Blog / New Vinyl: Contradiction or Connective, Cultural Craze?



By Michael A.

VINYL MAKES A COMEBACK.  It’s one of those phrases that you never expect to hear.  Like, the Nasher Museum’s new exhibit opens to bad reviews, or the Duke football team wins a game (we still love and support them 100%–GO DUKE!).  However, recent reports suggest that the unimaginable resurgence of the vinyl record has taken shape–and is expected to generate greater sales still.

Though I am certain that we’re all pleasantly taken aback by the return of the record, the greatest surprise lies within the demographic to which vinyl seems to be most effectively making its appeal.  Truth be told, vinyl fanatics never stopped purchasing old vinyl LPs, etc.–so the vinyl industry never truly died (but it came reeaally close). These veteran patrons, however, aren’t the agents of cause in this enigmatic equation.  Kids are.

Recent sale reports reveal that youths, mostly under the age of 21, have developed a fondness for vinyl records and the necessary accouterments (turntables, retro headphones, IPOD jacks, USB adapters, etc.). The millennial generation has given the vinyl record new life.  I can’t imagine that anyone saw that coming.

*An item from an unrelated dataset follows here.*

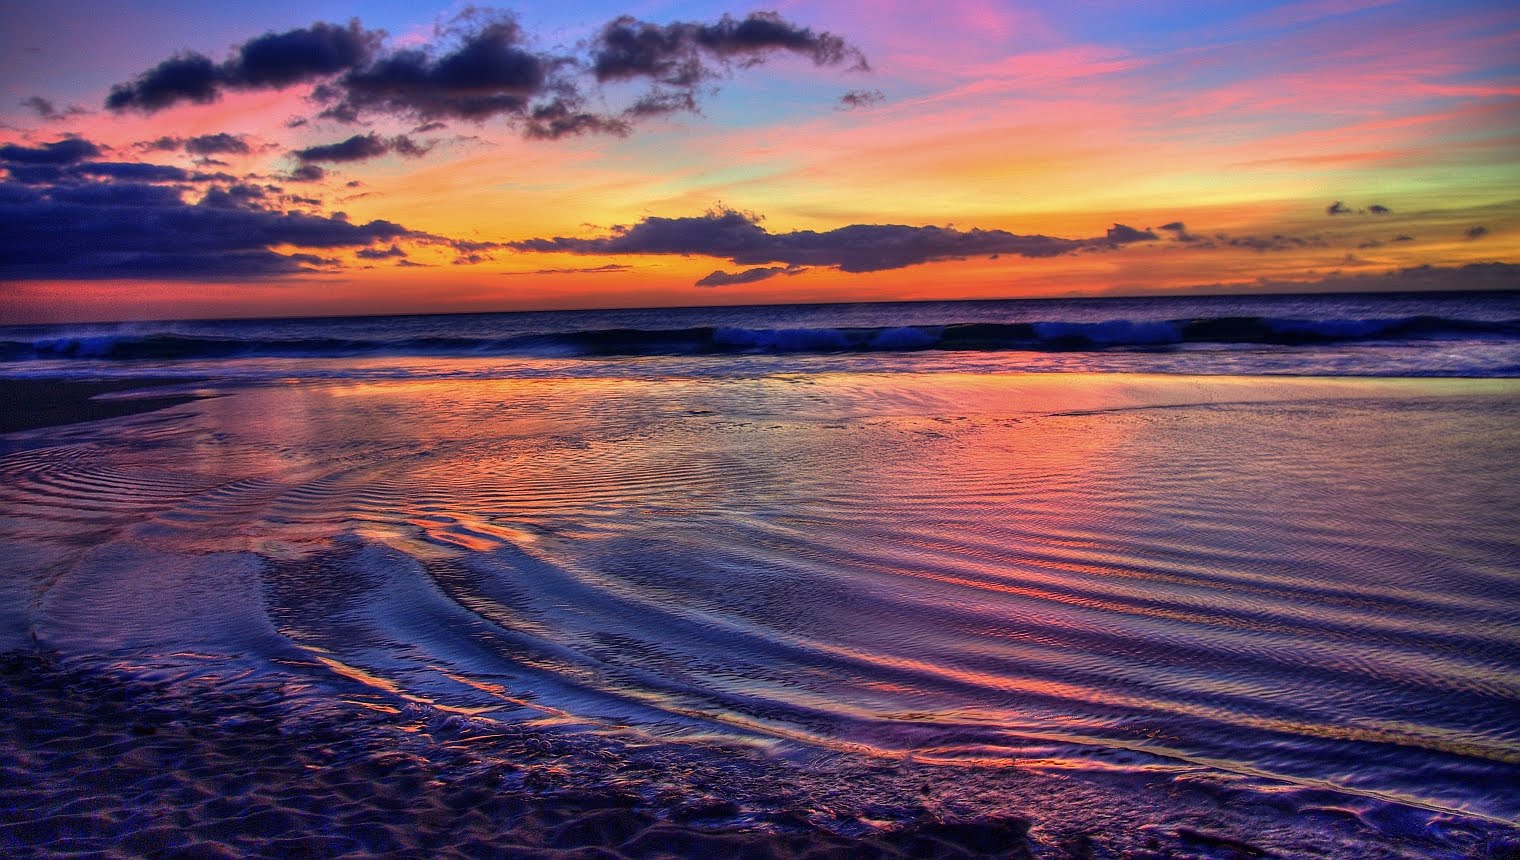 Free download Hawaiian Sunset Wallpaper Hawaiian sunset wallpaper

So,  why is this happening?  Music industry officials and record store sales personnel alike consent that newer vinyl listeners relish the record for the same reasons as did listeners in the past: superior sound quality and passion for an authentic musical experience.  These reasons seem to beat the portability and convenience of contemporary music devices.  I can’t specifically state the reasons for the reappearance of the record, but I can identify this occurrence  as a connective cultural force with boundless potential.  In addition to potentially mending the nearly 2 decades during which vinyl suffered obscurity, the new appeal of vinyl could be the key to the revival of the music industry.  New interest in vinyl could result in, once again, actual record sales.  This would be a strong departure from the virtually non-existent sales that CDs have generated in recent years.  Record company executives may already be on to this as pop sensations, like Taylor Swift, have recently released vinyl versions of their new music.

It will be interesting to see the long term effects of this undying phenomenon.  In the meantime, check out “The Record: Contemporary Art & Vinyl” at the Nasher Museum of art before it leaves the day after February 6, 2011.